Things I liked: the wondrous cave of red twine and dangling keys around wooden boats in the Japanese pavilion; the hilarious wacko multi-coloured junk shop with coin-roll in the Canadian pavilion; the old-curiosity-shop intricacy of the installation in the Australian pavilion (slightly marred by the account of an artist/critic who attended the inauguration who told me that the artist, Fiona Hall, hadn’t bothered to learn the names of the Aboriginal artists – present – whose works featured in her installation); the marvellous Fitzcarraldo-style video of a European troupe performing an opera in the dusty street of a Haitian village in the Polish pavilion; Herman de Vries’ quirky works in the Dutch pavilion. That’s it for the Giardini. The central pavilion left me unmoved. I don’t know whether Sarah Lucas in the UK pavilion was more dull or more silly.
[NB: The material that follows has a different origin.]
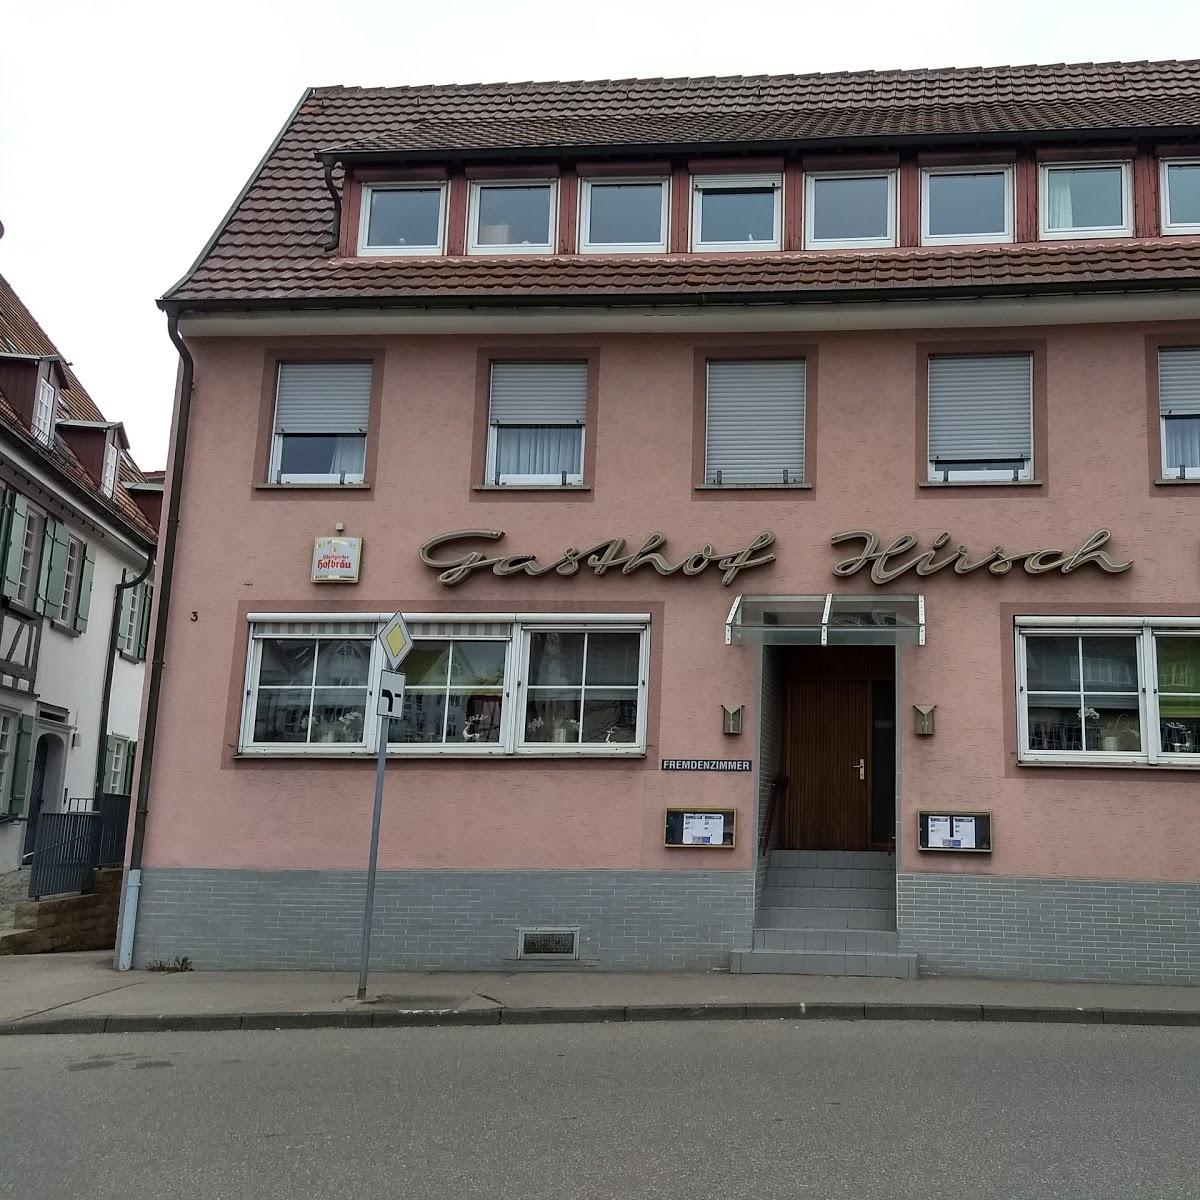 Restaurant "Gasthof Hirsch" in Magstadt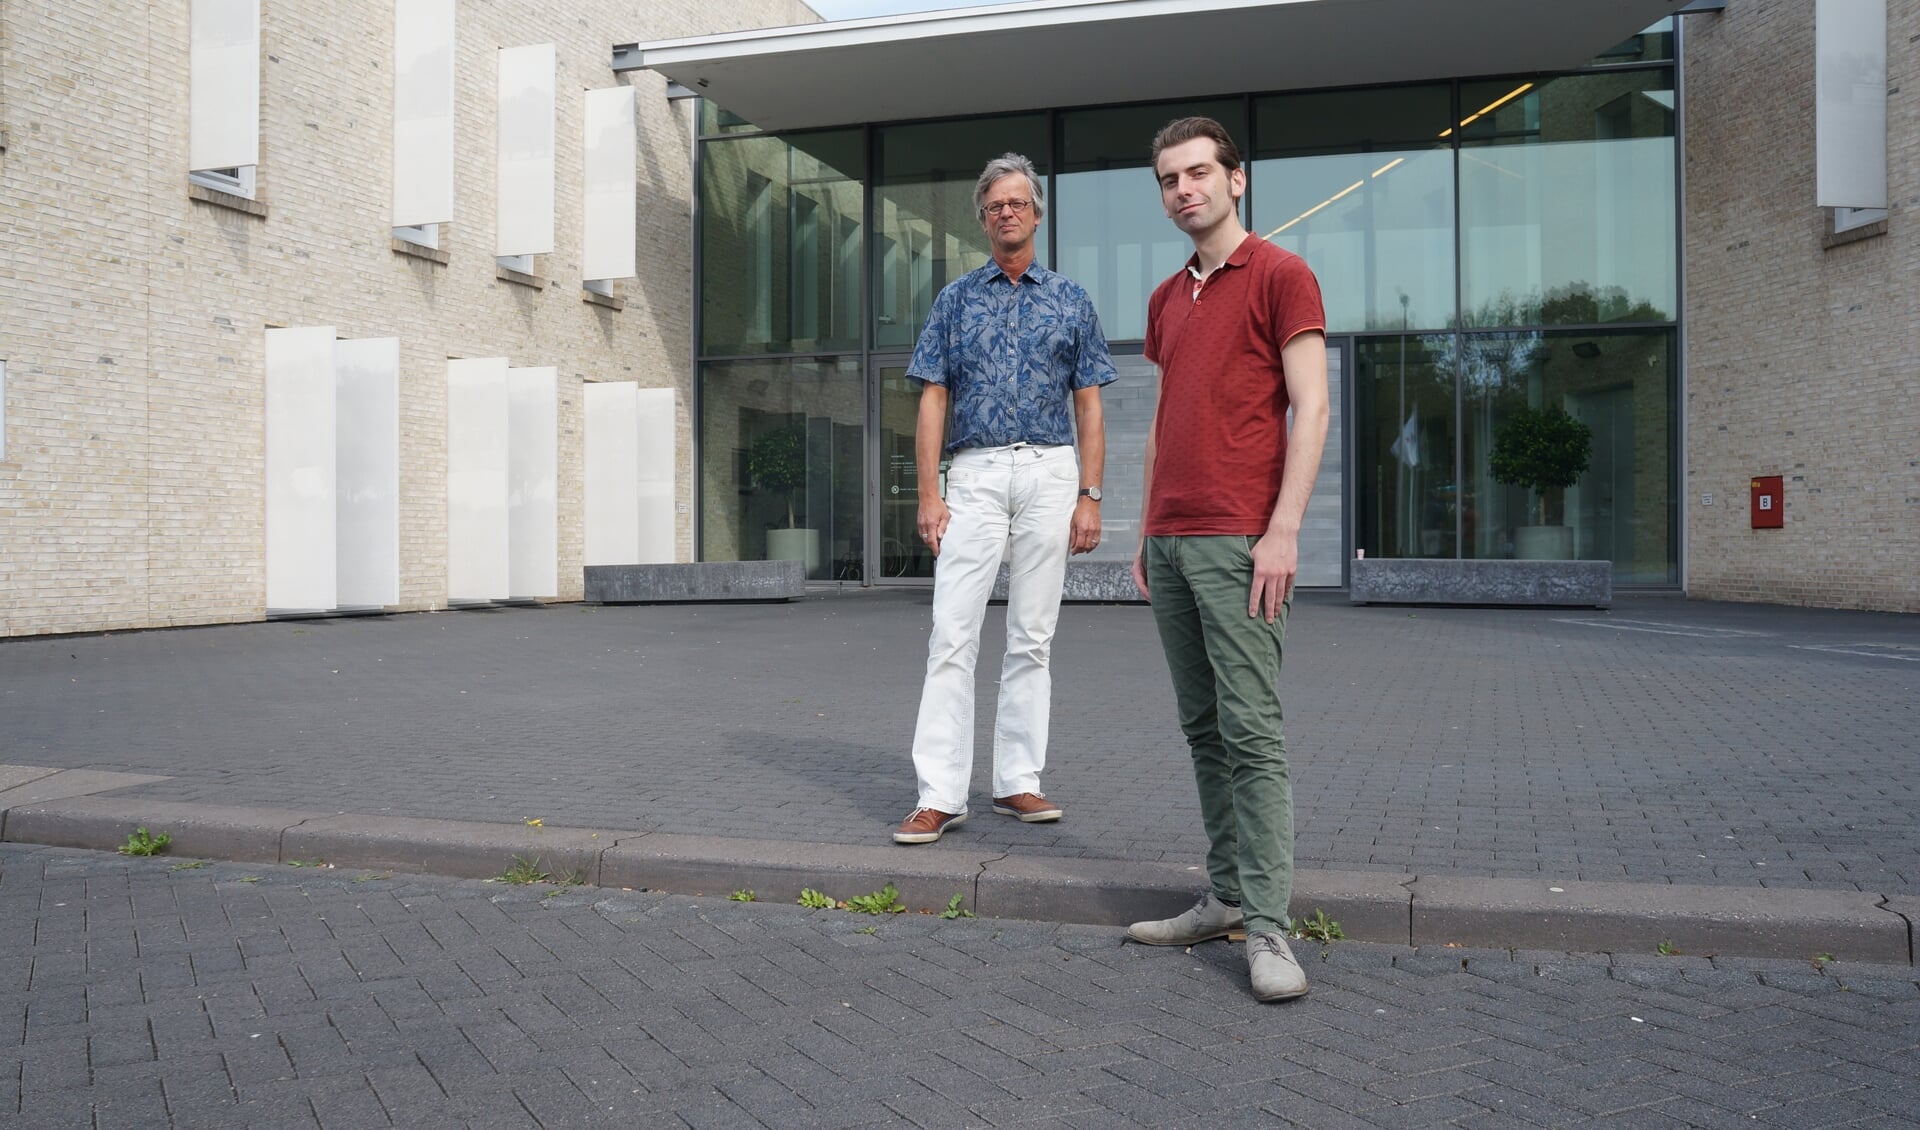 Wethouder Paul Hofman (rechts) en duurzaamheidscoördinator Erik Mol van de gemeente Bronckhorst voor het duurzame gemeentehuis in Hengelo Gld. Foto: Achterhoek Onderneemt Duurzaam

It took a while in the Arsenale to find anything much that grabbed me more than the wonderful buildings themselves. But in the end I did: the watery moving walkways of the Tuvalu exhibit; a marvellous video of body and earth and dust in the South African show which also included some chilling ‘reconciliation process’ footage; the jumble of amateur carpentry exploring gender stereotypes in the Latvian show – though I admit I may have liked this because an upstairs bit allowed me to hide from an acquaintance I had spotted and didn’t want to bump into.
There was one very dark room (can’t remember whose) where you scrunched across a deep layer of scratchy clay balls and then, when your eyes grew accustomed to the gloom, you noticed four naked blokes scratching themselves: hilarious, though I’m still trying to work out if I think it’s art. Anything else? Photographs and videos mostly caught my eye.
Outside the main shows, it was the India/Pakistan ‘My East is Your West’ collaboration that most intriged, with the Pakistan half (Rashid Rana) a total delight. In one room, a large screen had people moving about on it. Only after a minute or less, I appeared. There was a time-lapse between a hidden camera filming, and that film appearing: so confusing to see yourself as you were seconds ago. In another room, a screen showed a group of Pakistani men standing about in what appeared to be a replica of the room you were in. And the men were talking to you. And waiting for your answers. They were in Lahore, they said: utterly disorientating.